1. Amy and Mike Parrott and their children, Melanie Chitwood, Anu, Sarah and Ben, Michael and Daniel all coming to the race to cheer me on. I am especially thankful for Todd and all of his words of encouragement. I look forward to running some races with him in the future. I am so glad that he is my best friend. I couldn't ask for better.

2. the wonderful card Ashley Pyle and family sent to me. I rarely get to see Ashley and it was so thoughtful of her to send me a card wishing me the best of luck during the race. I re-reminded me that I need to reach out to people more often. I know how much it means to me!

3. my Aunt Vanessa, who completed who first marathon yesterday and gave all of the glory to God. Good job Vanessa! We are all so proud of you. I watched your interview on the Today Show this morning and tears came to my eyes. I am touched that your beautiful babies inspired you to accomplish such an incredible goal.

4. Todd having such a wonderful birthday party. Wow! I am married to a 32 year old!

5. Sarah, Anu, and Todd helping me make Todd's birthday super special and for the Parrotts, who came over to help us celebrate.

6. Sarah returning home safe and sound with Ben.

7. DVRs

8. having a quiet house, even though we loved having Sarah, Ben and Anu here.

9. the wonderful sleep I was blessed with last night.

10. the helpful hints family and friends give me with respect to raising the boys. I greatly appreciate the, "have you tried this" suggestions. It makes child-rearing much easier.

Wednesday, March 15, 2006

3/15/06



I LOVE having Sarah and Ben here, and so do Todd, Michael and Daniel. We are having so much fun and I wish I could live next to her always. I am already sad that Sunday is closing in on us. Makes me SAD!

I am thankful for...

1. Sarah babysitting ALL of the boys while Todd and I went out and had a spectacular dinner at Barrington's. YUMMY!! And to top it off, she said Daniel and Michael were very good.

2. eating lunch wit Michael at his school. We decided to pick him up early, and I just so happened to get him right at lunch time. So instead of rushing, I chose to sit, and eat with him and his friends and I had a great time. Michael, even though he can be quite a handful at times, is so sweet and I enjoy him soooo much.
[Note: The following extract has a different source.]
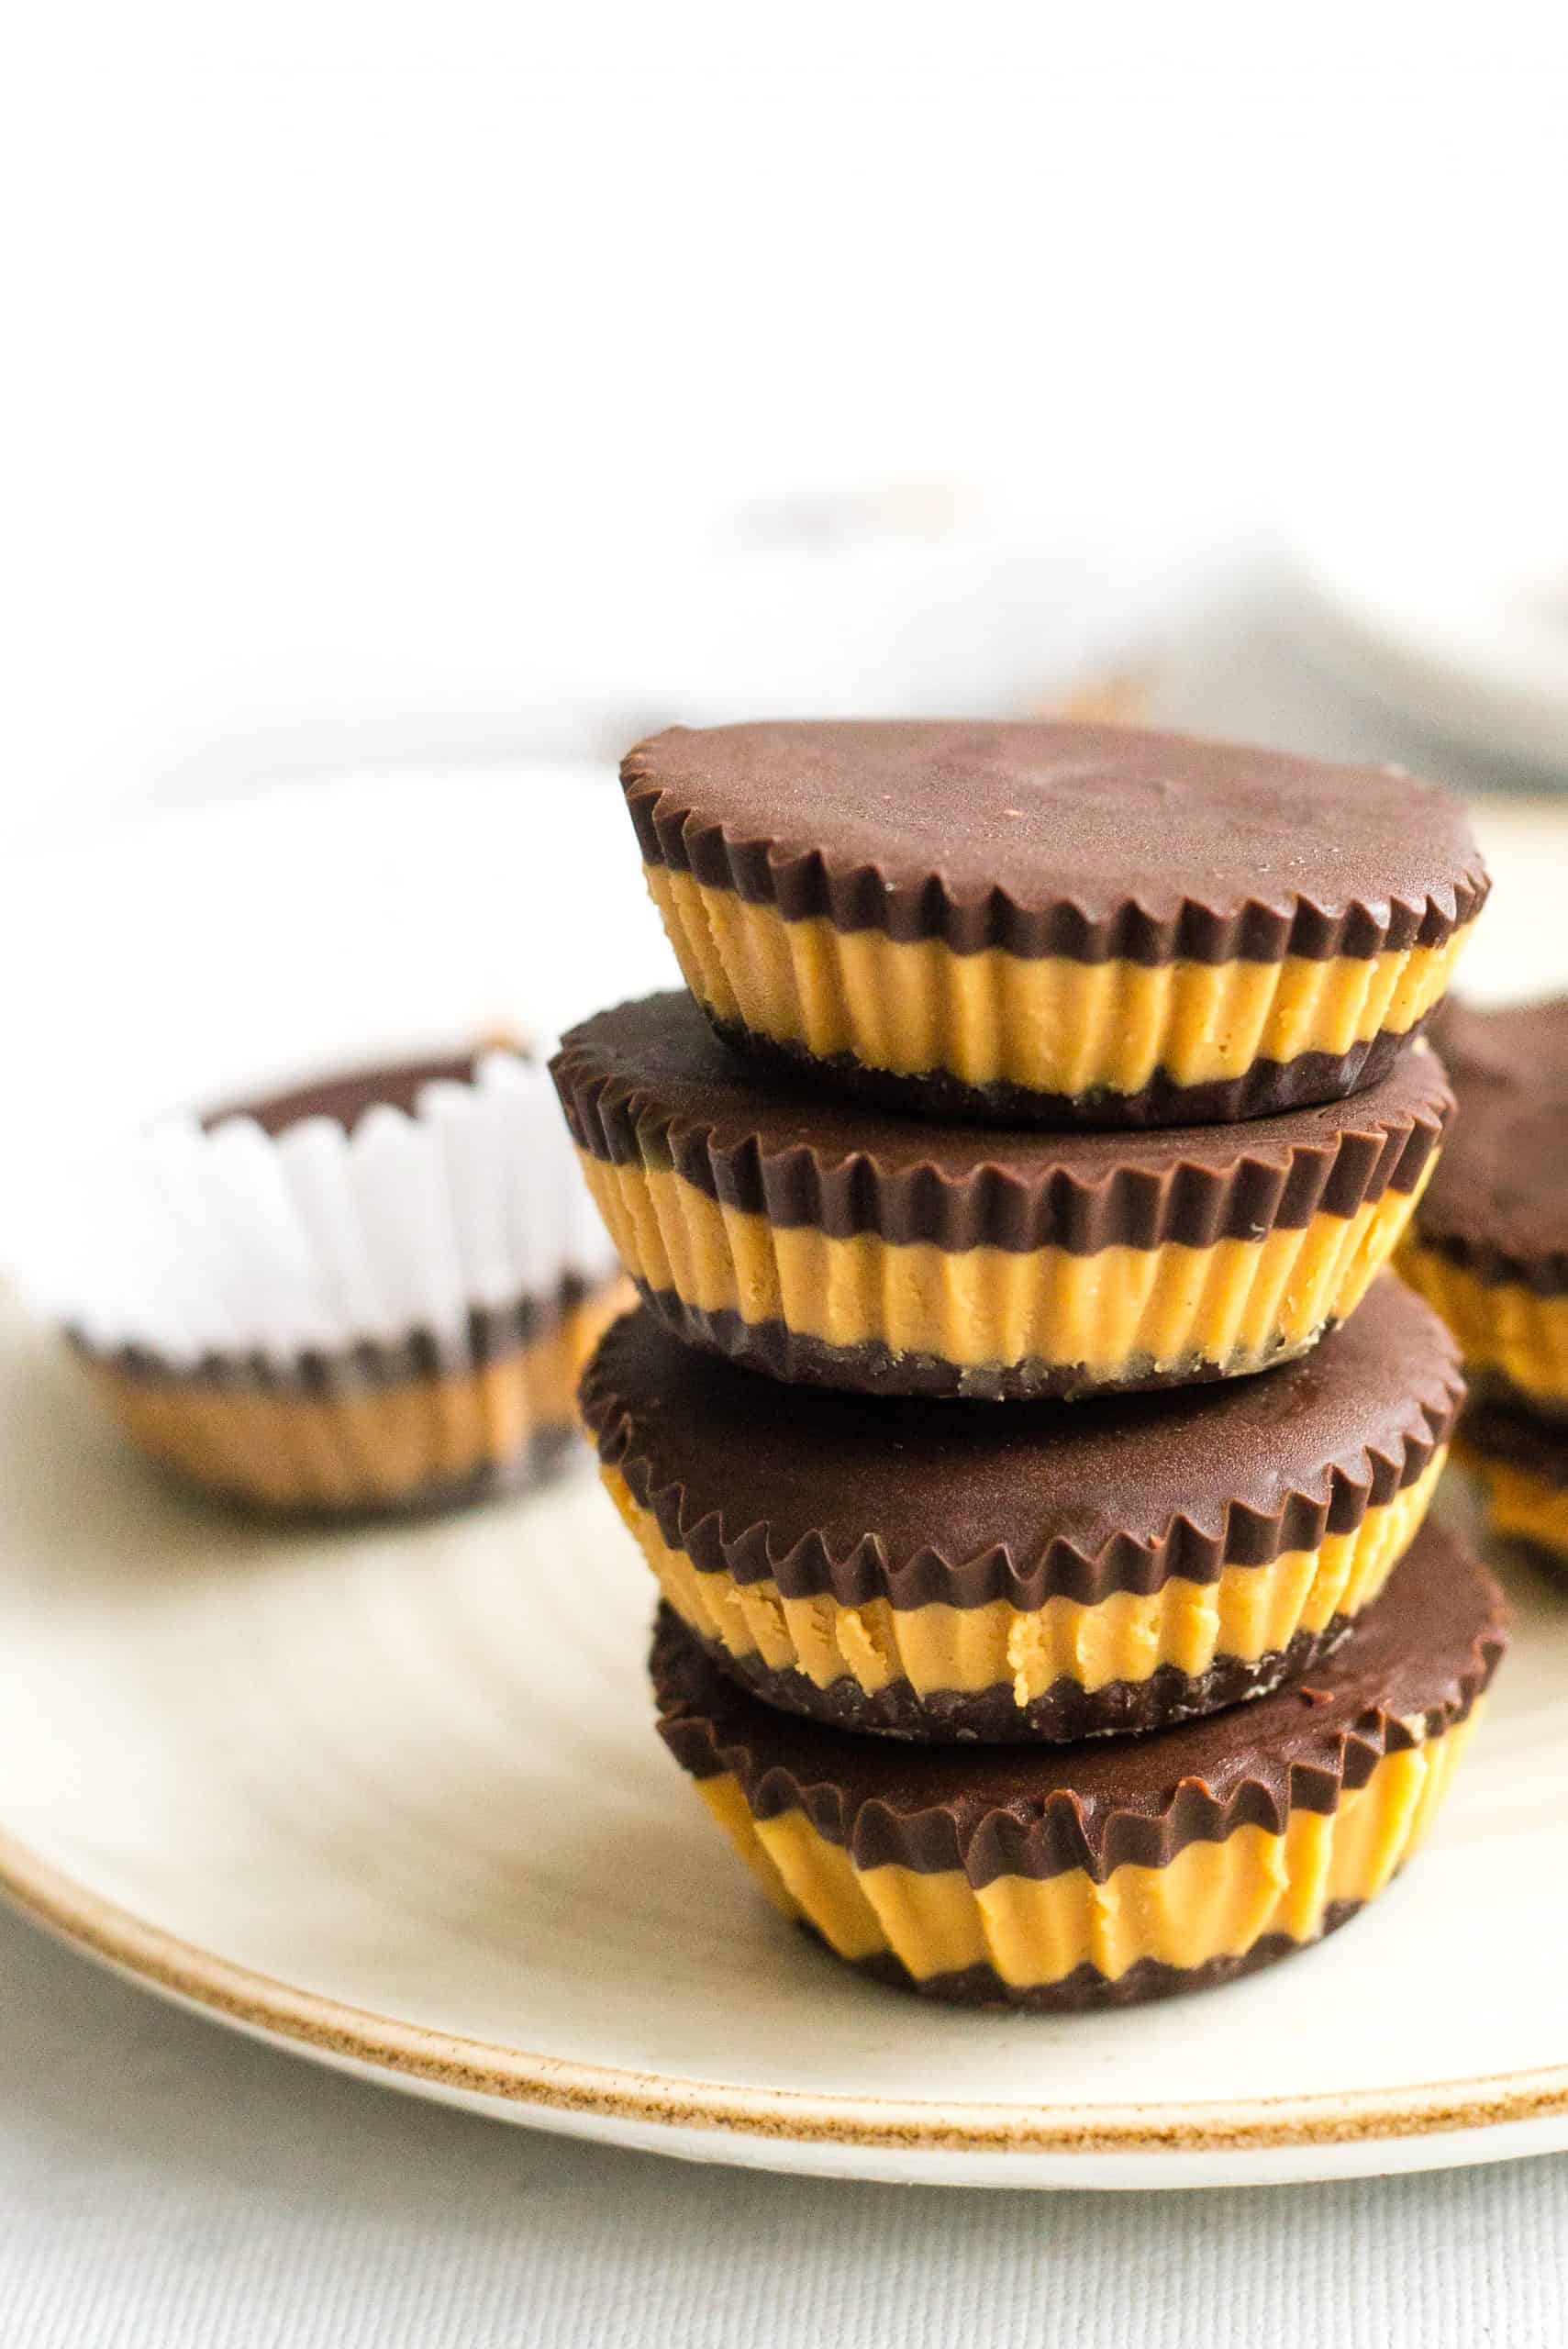 Gluten-free peanut butter cups stacked on a plate.

3. Todd and Sarah getting along so well. It reminds me of how much I enjoy spending time with My sister-in-law, Carey's, husband, Steve.

4. my friend Cassie, sending me the most wonderful email today. He words inspired me and made me so happy. Thank you Cassie for being so sincere and reflective. I just happened to be thinking about you today, wondering how you were doing. We have to get the boys together soon.

5. my great shopping spree today. Toddy's birthday is coming up soon.

6. the great runs Sarah and I have been going on. I am so proud of her....and me. We both ran 4 miles without stopping yesterday.

7. strict schedules. I think that is why it has been so easy to handle all of the boys.

8. the countless number of blessings in my life. Why I am so blessed, I don't know. Thank you God.

9. my mom. Even though she is soooooo silly and indecisive, I love her so much.

10. my friend Jason. Please pray for his upcoming surgery and possible job change.